**Stored data**
== Segment start ==

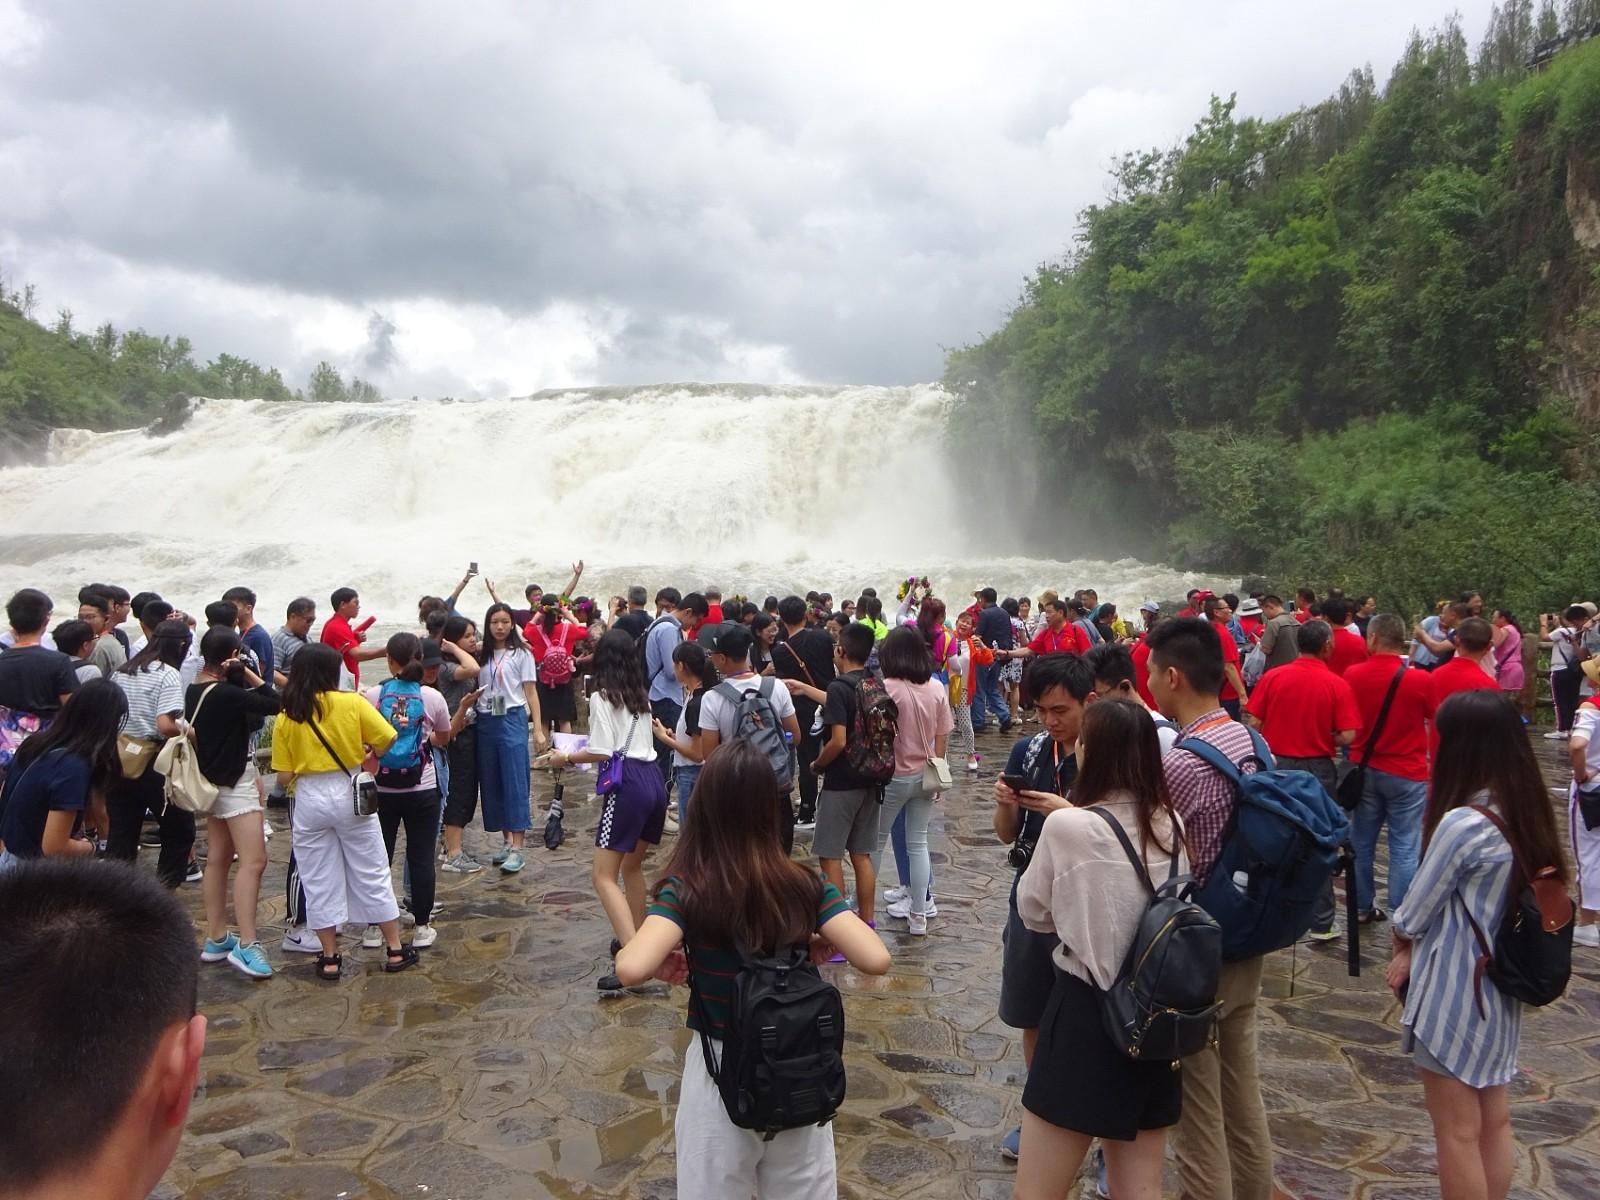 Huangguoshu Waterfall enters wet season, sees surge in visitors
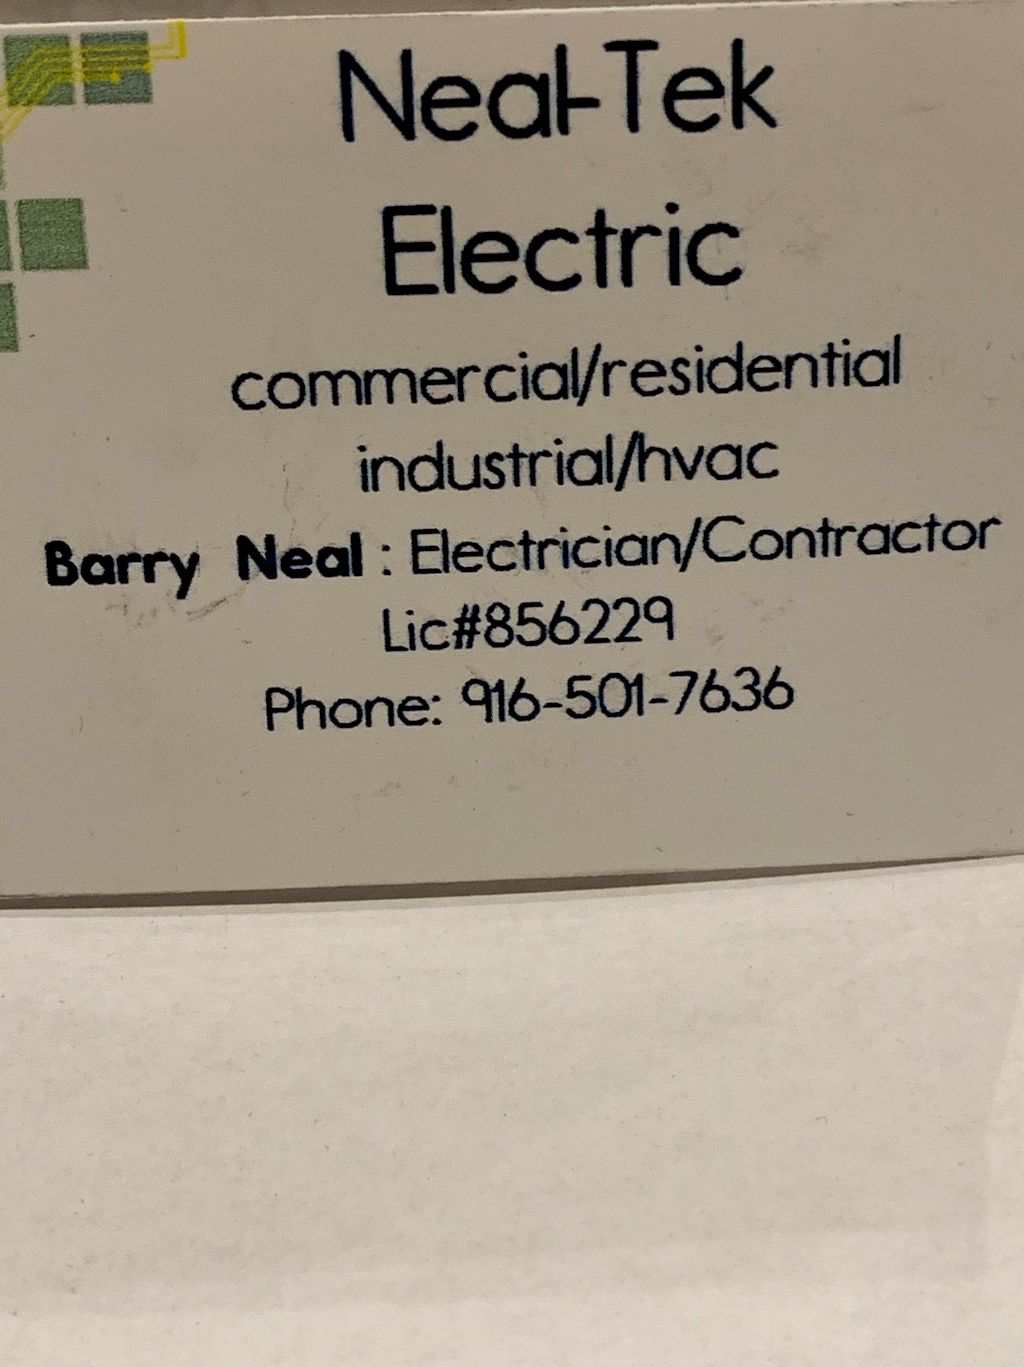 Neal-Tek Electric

== Segment end ==
== Segment start ==

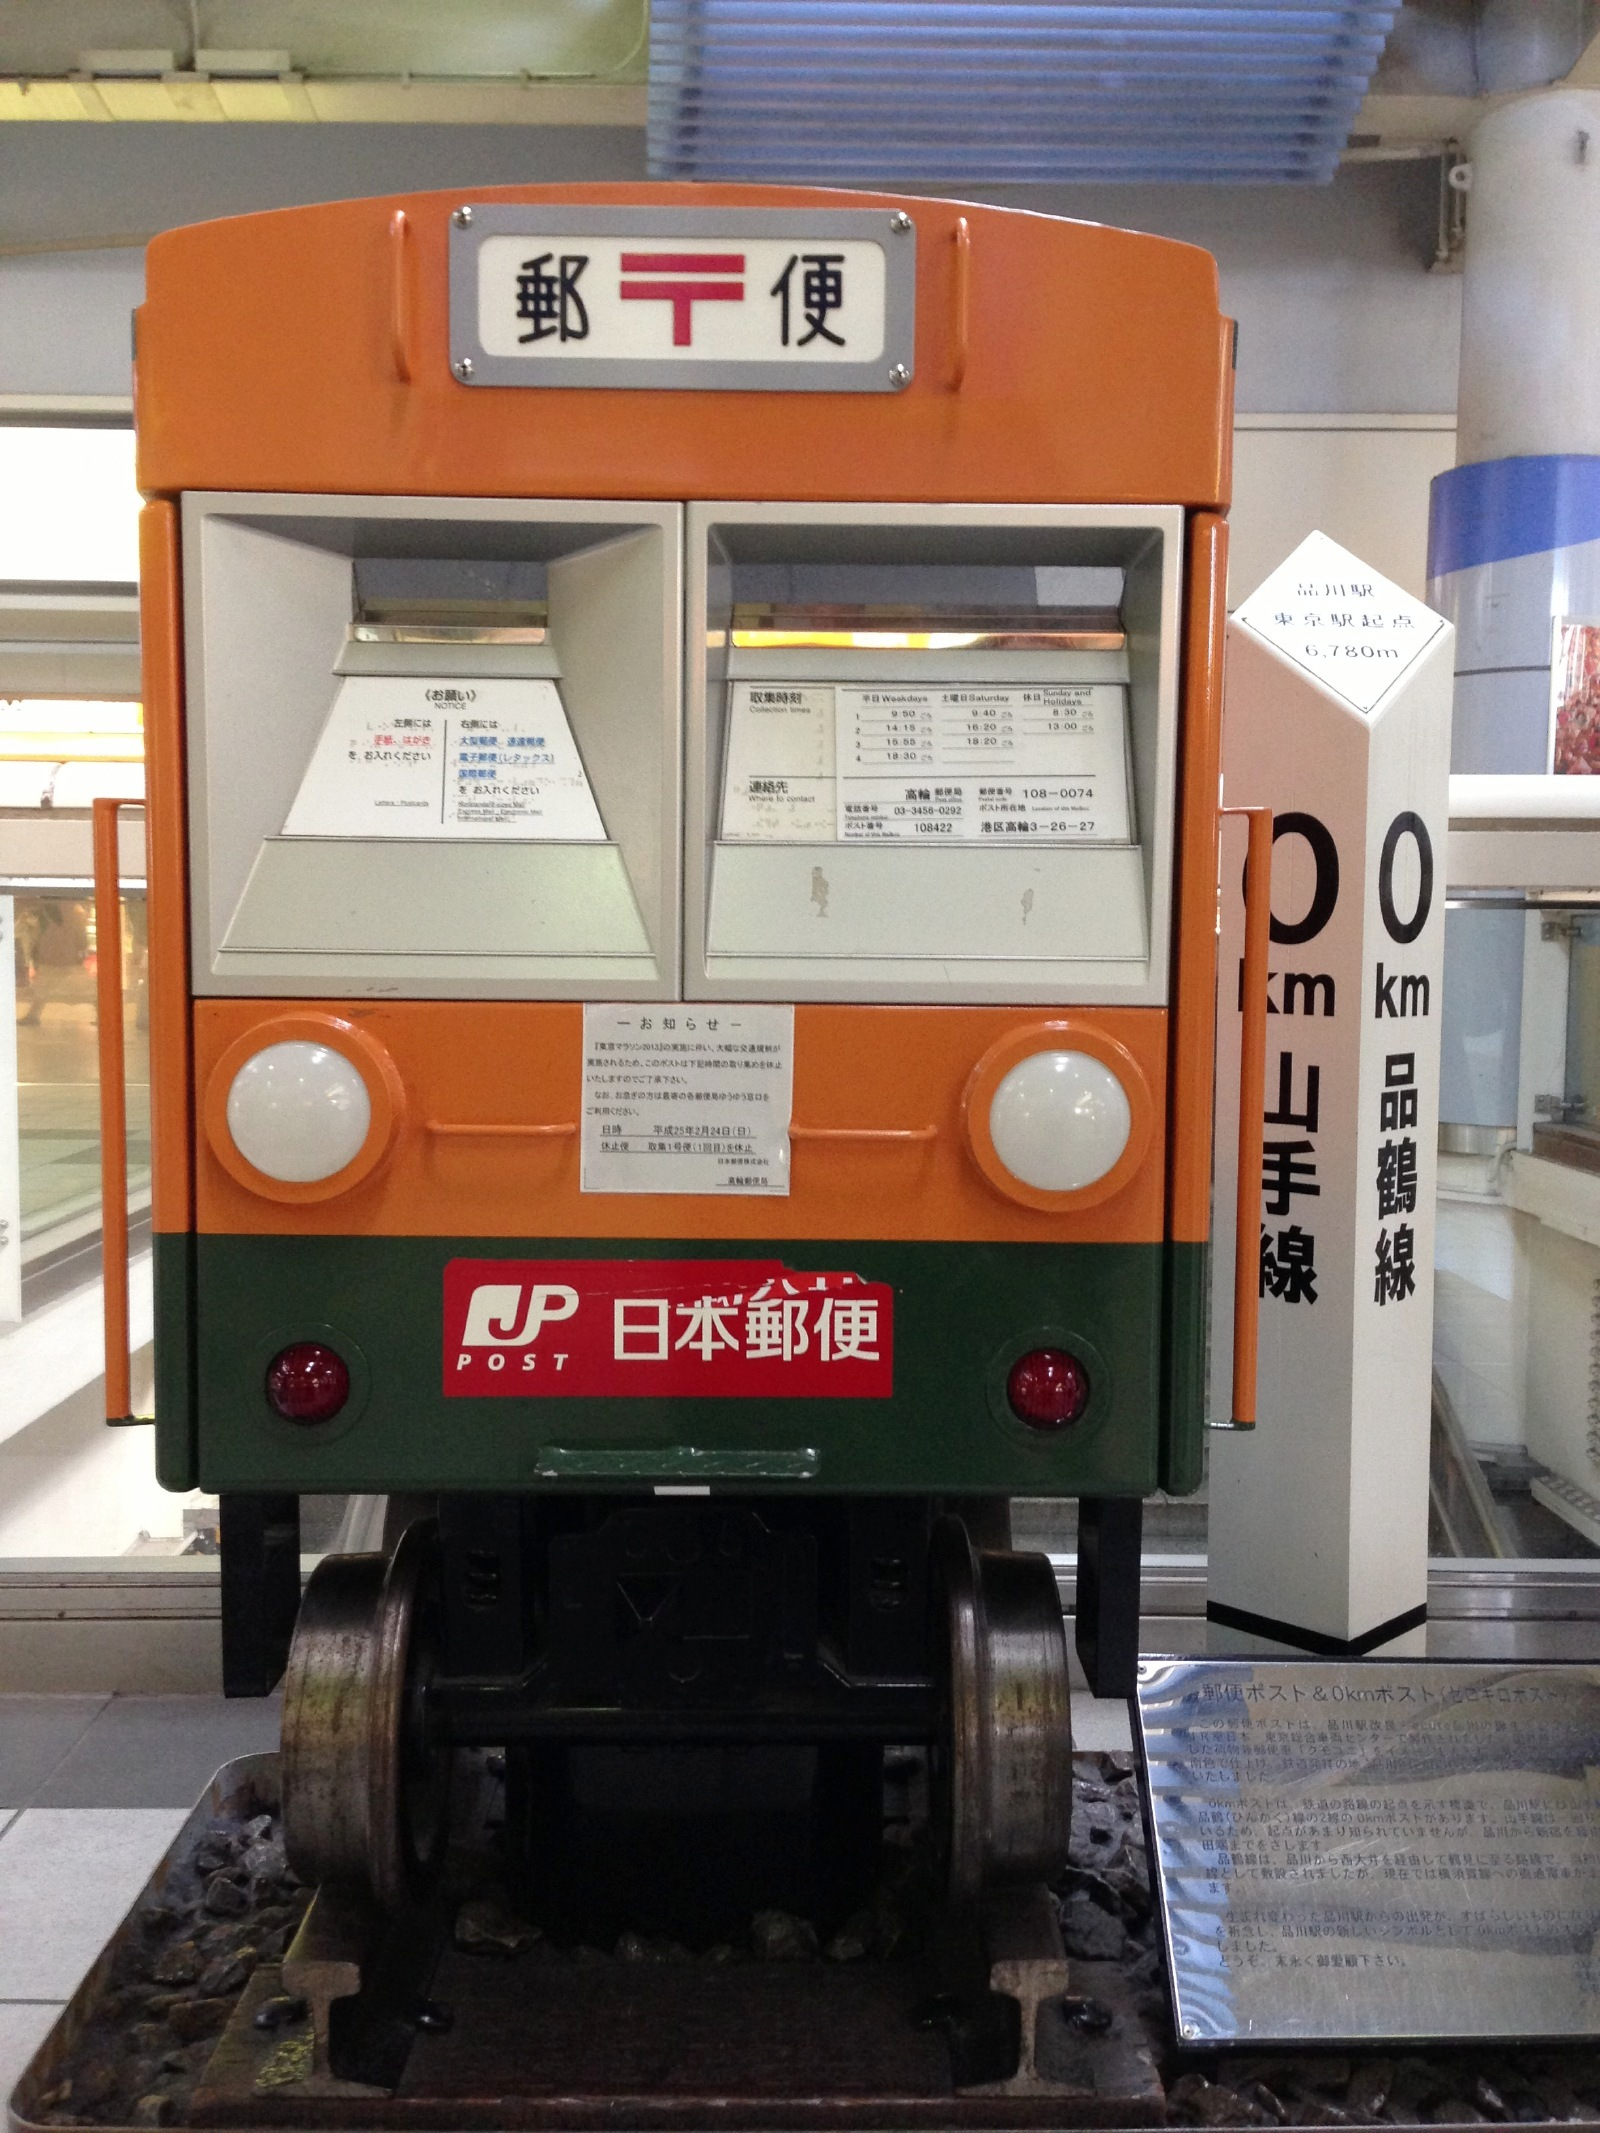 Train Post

== Segment end ==

**How to complete this task**
From the listing above, please give again the lines that begin with the line holding "Huangguoshu Waterfall enters" and go on through the line holding "Neal-Tek Electric", exactly, both ends included, minus any picture.

**Written solution**
 Huangguoshu Waterfall enters wet season, sees surge in visitors
 Neal-Tek Electric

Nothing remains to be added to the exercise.